To define allometric patterns, a common allometric component (CAC) was calculated from the landmark data to express allometric patterns as one variable (Mitteroecker et al., 2004). Host-specific regressions between CAC and shell length were made (excluding hosts having less than five specimens with morphometric data). The vectors of shell length of snails associated with different host species were compared to reveal differences in allometric patterns in the amount of change in shell shape per unit of growth (corresponding to the distance among vectors of shell length) and the direction of shell shape change (corresponding to the correlation among vectors of shell length). Pairwise comparisons of both the distance and correlation among the vectors of shell length were made between a full model and a reduced model without the interaction between the factors host species and shell length (see Online Supplementary Material 2). As before, the p-values were corrected with a Bonferroni correction.

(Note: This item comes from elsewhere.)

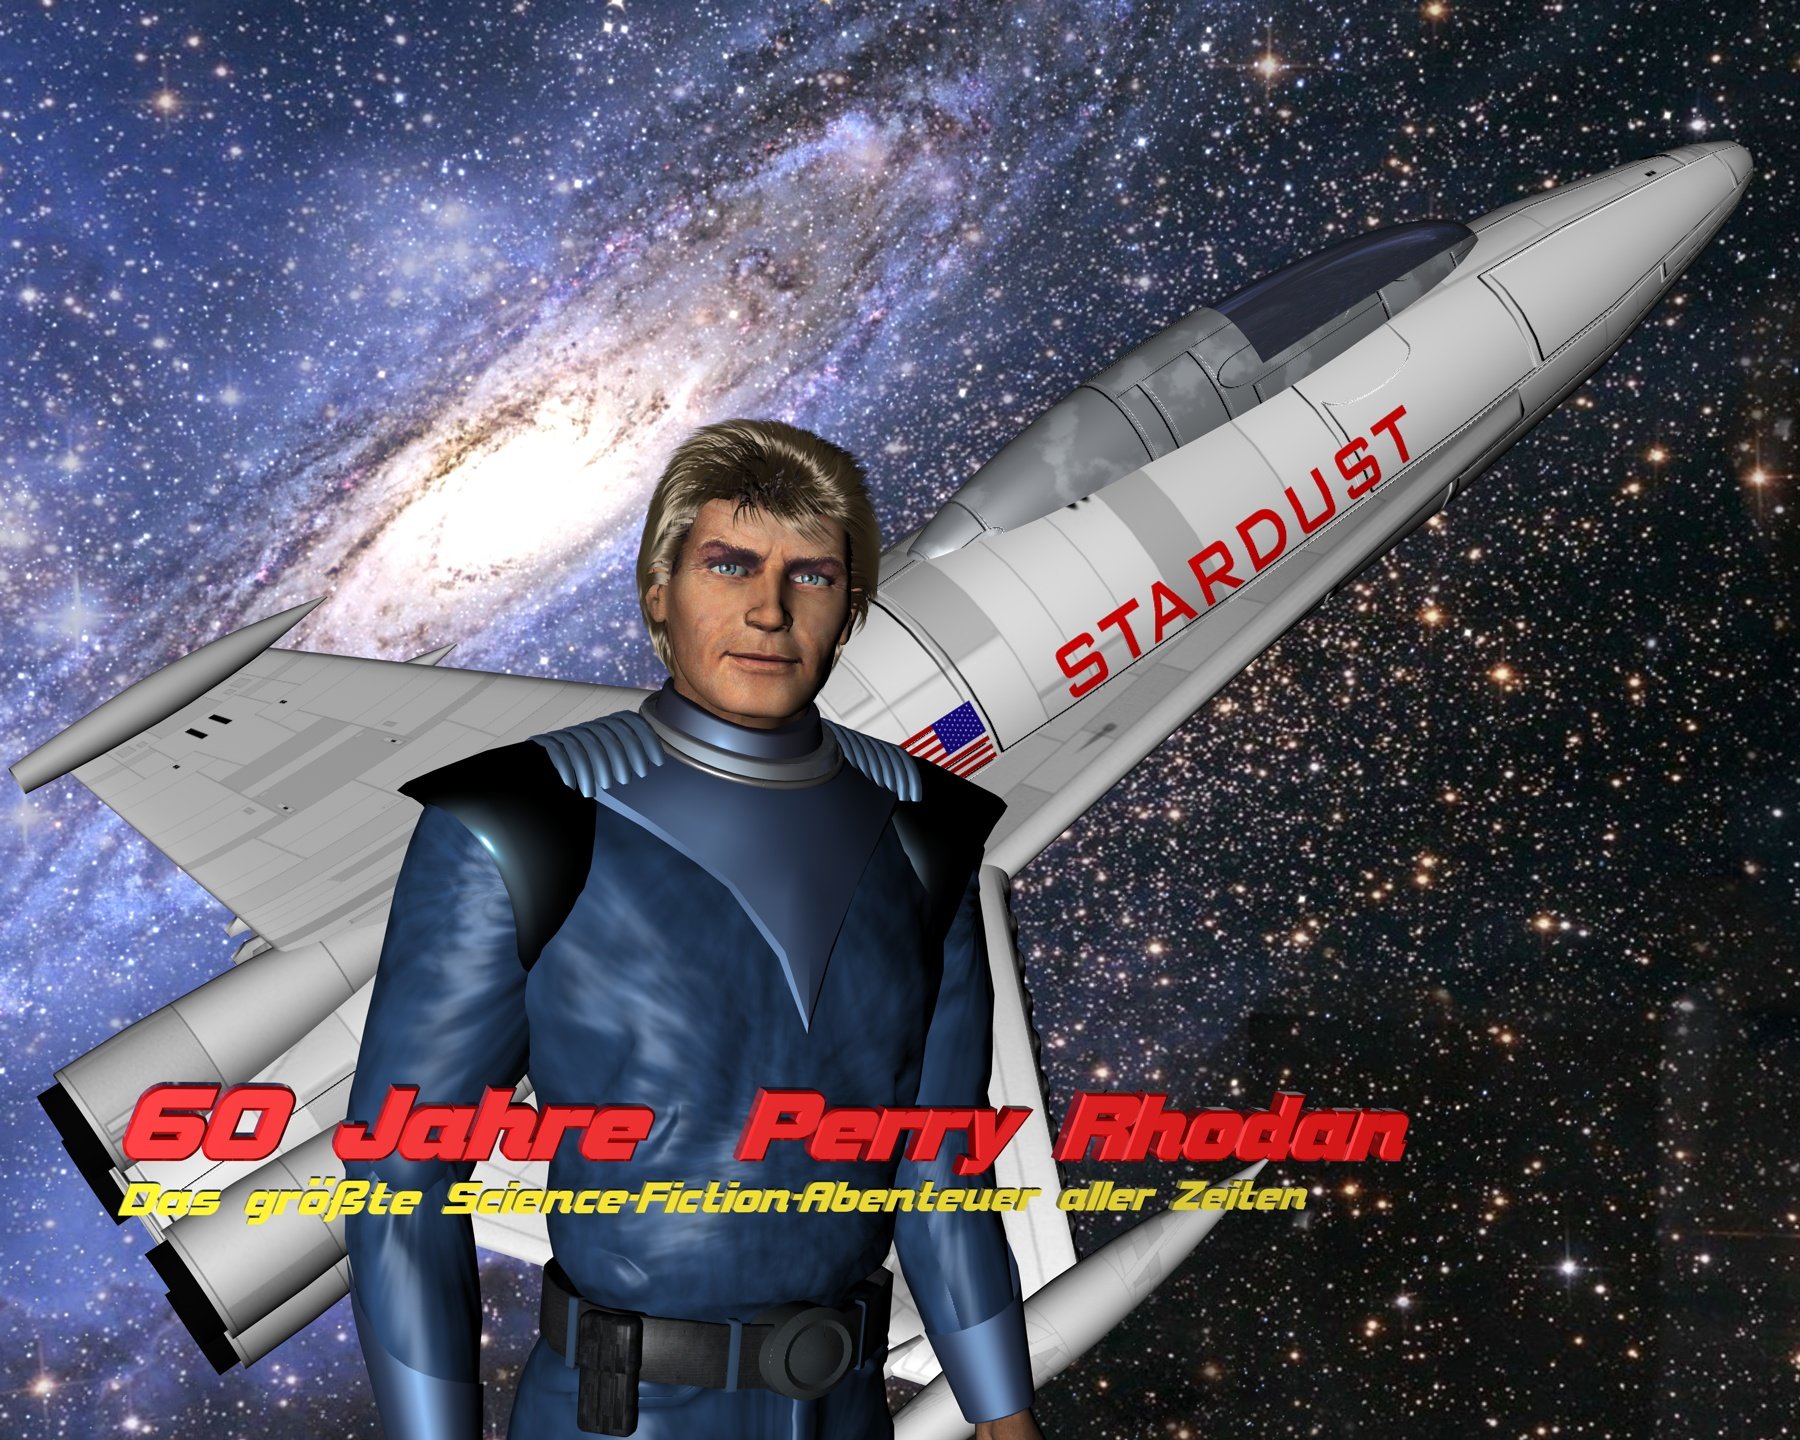 60 Jahre PERRY RHODAN Tribut Stardust – © Raimund Peter

To visualize variation in shell shape, a principal component analysis (PCA) was performed using the landmark data. To separate real variation in shell shape from noise resulting from the error described above and calculate repeatability of axes, landmark data of the three replicated photos was included in the PCA. Intraclass correlation coefficients (ICC, model 2,1) were calculated between the PCA-scores of triplicates on all PCA-axes. An axis was considered repeatable when the ICC was higher than 0.80 (Burridge et al., 2015). To visualize differences in allometric patterns among snails associated with different host species, linear regressions between PCA scores and shell length were used to predict PCA scores (and therefore shell shape) of shells of specific lengths associated with specific host species

After the morphometric analysis, shells were crushed to remove the snail from its shell. Using a dissecting microscope, the sex of each snail was determined by presence or absence of a penis just above the left eyestalk. Differences in sex ratios among snails associated with different host species were assessed using Fisher’s exact tests. For tests on larger tables (to test for differences among host species), p-values were computed using Monte Carlo simulations, with 1 million replications. Pairwise differences among host species were assessed using pairwise Fisher’s exact tests; p-values were corrected using a Bonferroni correction. Linear regressions were made between sex ratio and mean shell length, and between mean male and female shell length. Individual points (corresponding to a single host species) were weighed according to the number of specimens. Only host species with more than five specimens were included in the analyses comparing snails among host species.

All statistics were done in R, using the package Geomorph 2.1.5 for all morphometric analyses (Adams and Otárola-Castillo, 2013; Adams et al., 2015; R Core Team, 2015).